### [Try it]
Give back, unchanged, the line containing "Laine légère mais chaude et luxueuse (99%)" and every line after it up to the end of the listing.

### [Source material]
--*--

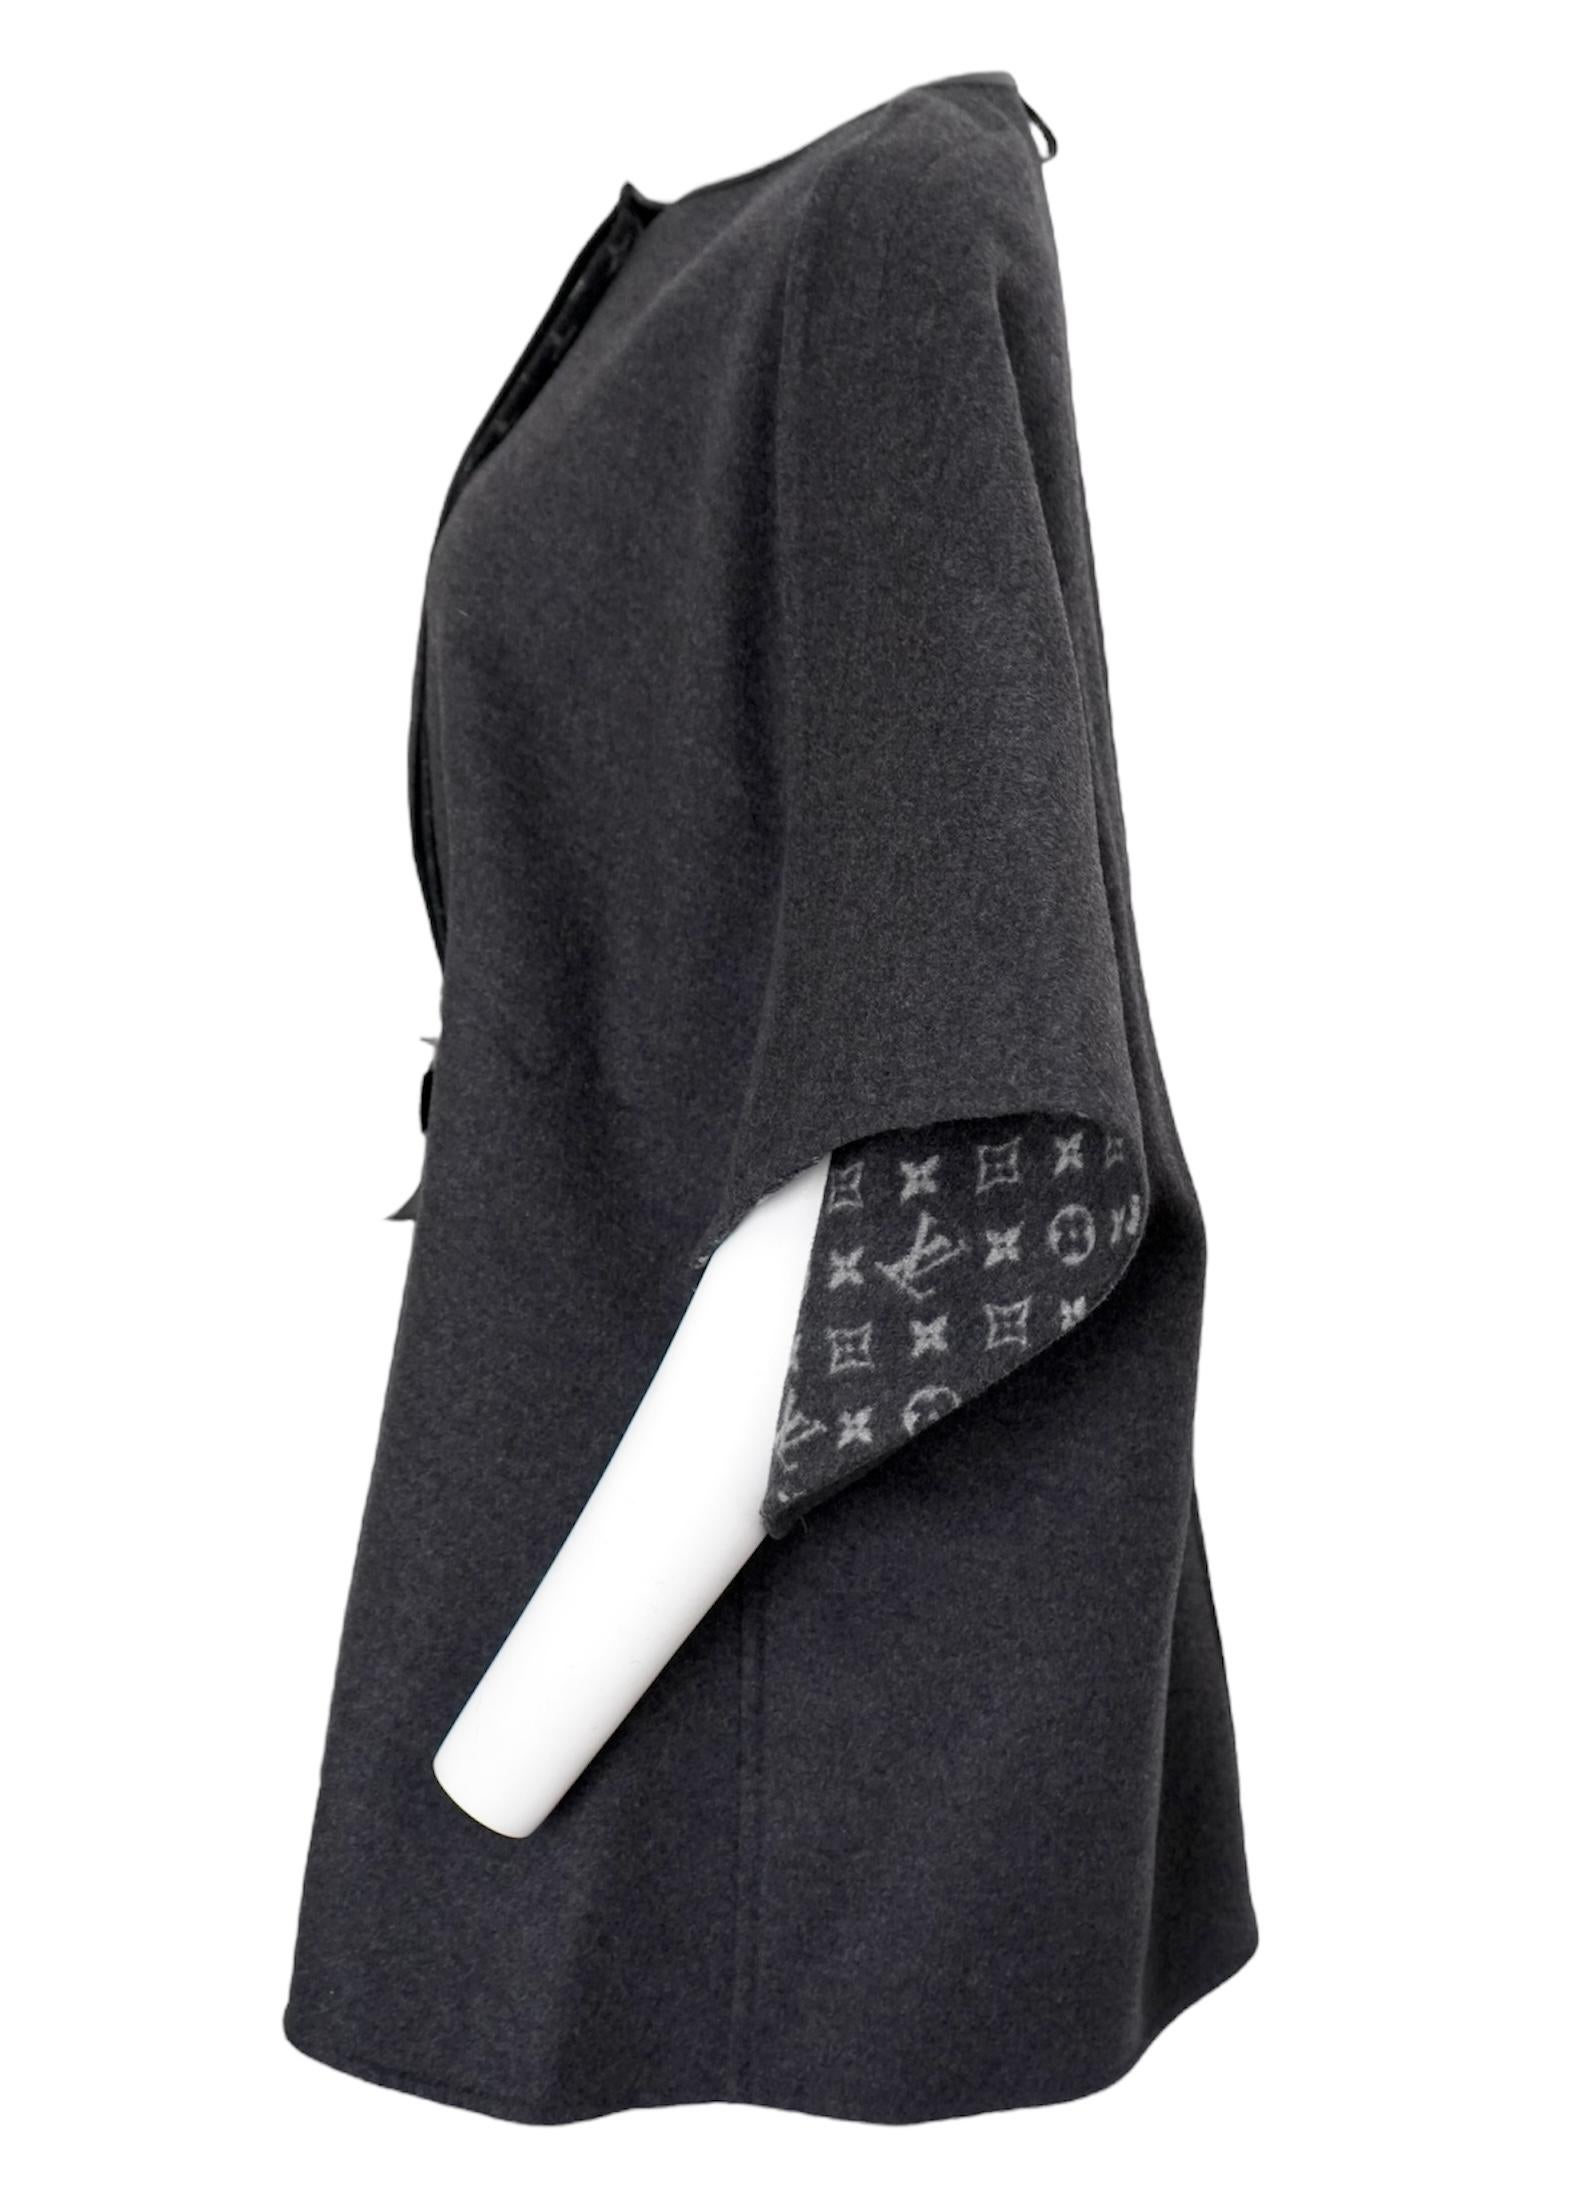 Le manteau cape Monogram de Louis Vuitton LV est un classique absolu de l'hiver.
Laine légère mais chaude et luxueuse (99%)
Laine, 1% soie). Extérieur gris uni et monogramme LV à l'intérieur. Ce manteau est doté d'une fermeture à boutons cachés et

--*--

### [Reply]
Laine légère mais chaude et luxueuse (99%)
Laine, 1% soie). Extérieur gris uni et monogramme LV à l'intérieur. Ce manteau est doté d'une fermeture à boutons cachés et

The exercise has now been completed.